Funnel plot of night shift work and risk of colorectal cancer.

Figure 7: Funnel plot of night shift work and risk of colorectal cancer.

The trim-and-fill test identified 3 possible missing studies.

Figure 8: The trim-and-fill test identified 3 possible missing studies.

DISCUSSION

This meta-analysis summarized the results of 6 epidemiologic studies including 3 cohort studies and 3 case-control ones. To the best of our knowledge, it is the first meta-analysis evaluating the correlation between night shift work and risk of colorectal cancer. We found that night shift work was correlated with an increased risk of colorectal cancer (OR = 1.318, 95% CI 1.121–1.551).

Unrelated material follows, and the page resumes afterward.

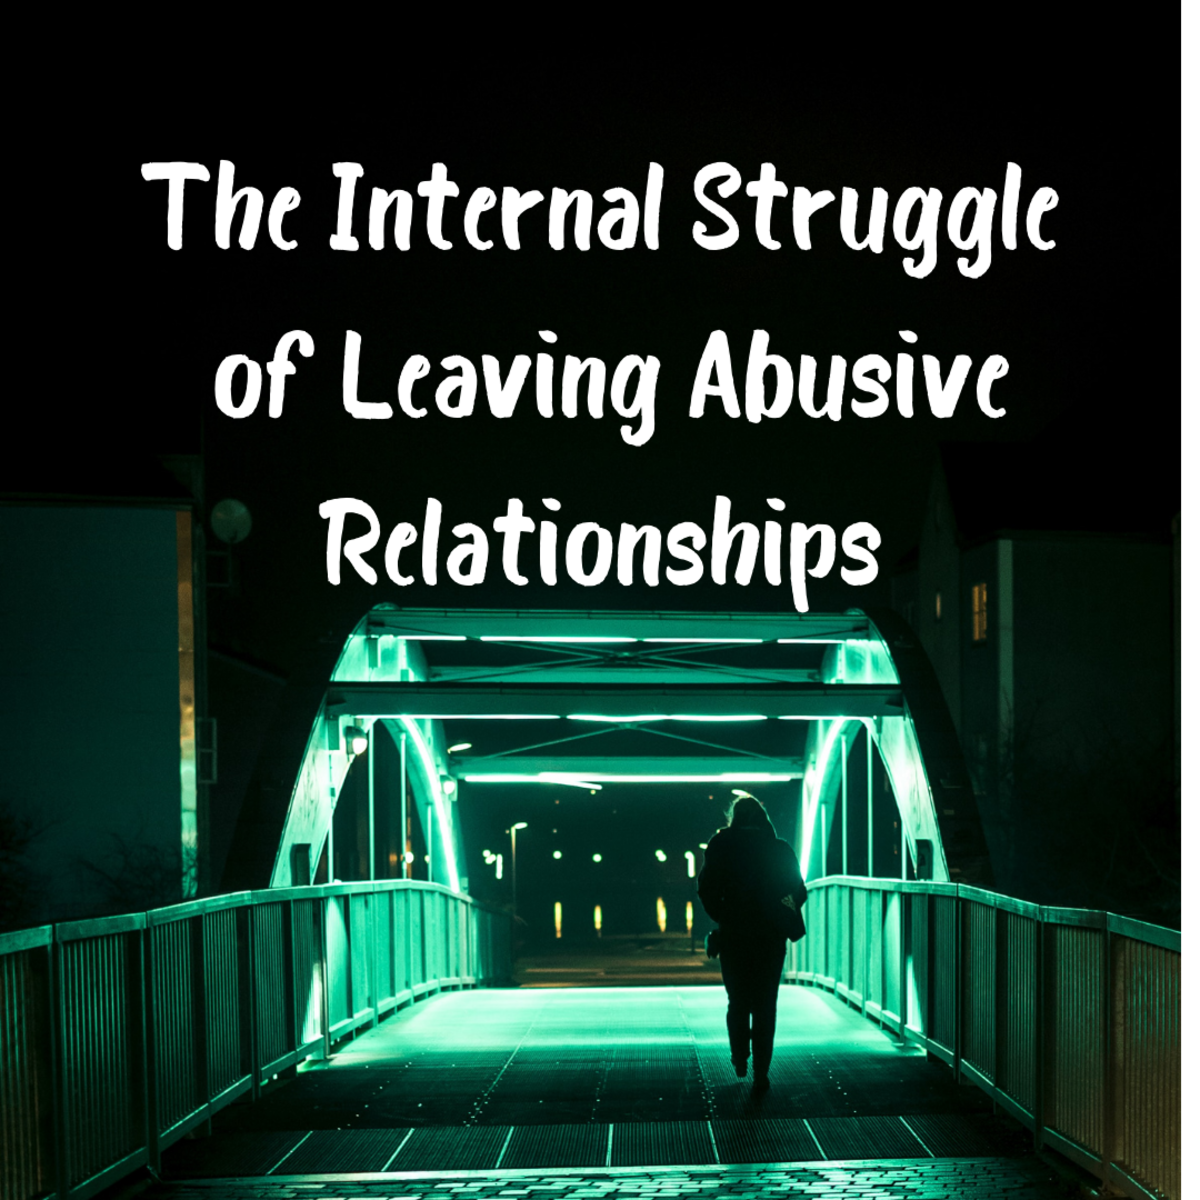 The Internal Struggle of Leaving Abusive Relationships

A dose-response analysis demonstrated that an increase in night shift work of 5 years was associated with an 11% increase in the risk of colorectal cancer in the population. Similar result was observed in a previous meta-analysis regarding the correlation between night shift work and risk of breast cancer, and a 13% increased risk of breast cancer was found by every 500 nights increase of shift work (RR = 1.13, 95% CI 1.07–1.21) [9]. Therefore, the above results illustrated that an increased risk of colorectal and breast cancer was observed along with the cumulative time of night shift work, indicating that night shift work could probably higher the risk of cancer in a dose-response way.

Quantified Q test and I2 test were applied to assess the extent of heterogeneity among the included studies. A statistically significant heterogeneity was found among the included studies (I2 = 77.7%, p < 0.01). Through the Galbraith plot test, we found that there was not a specific study could be the major source of heterogeneity. It meant that every included study contribute to the heterogeneity of this meta-analysis. We further conducted meta-regression analysis to evaluate the possible source of heterogeneity from the variables in every study. We found that type of cancer, gender, region, exposure assessment, study design, control factors, and study quality were identified as the possible sources of heterogeneity. Therefore, subgroup analysis was performed to analyze the possible source of heterogeneity and evaluate that whether such heterogeneity could be avoided. We detected a significant heterogeneity in the case-control group (I2 = 58.2%, p = 0.067). On the contrary, a moderate heterogeneity was found in the cohort group (I2 = 38.2%, p = 0.138), which suggested that cohort study should be a better choice in future studies to avoid potential heterogeneity. Furthermore, we found that heterogeneity could be avoided in the group adjusted for >3 control factors (I2 = 0.0%, p = 0.537) and the high-quality group (I2 = 0.0%, p = 0.848), indicating that adjusting for more control factors and recruiting high-quality researches were effective ways to avoid heterogeneity.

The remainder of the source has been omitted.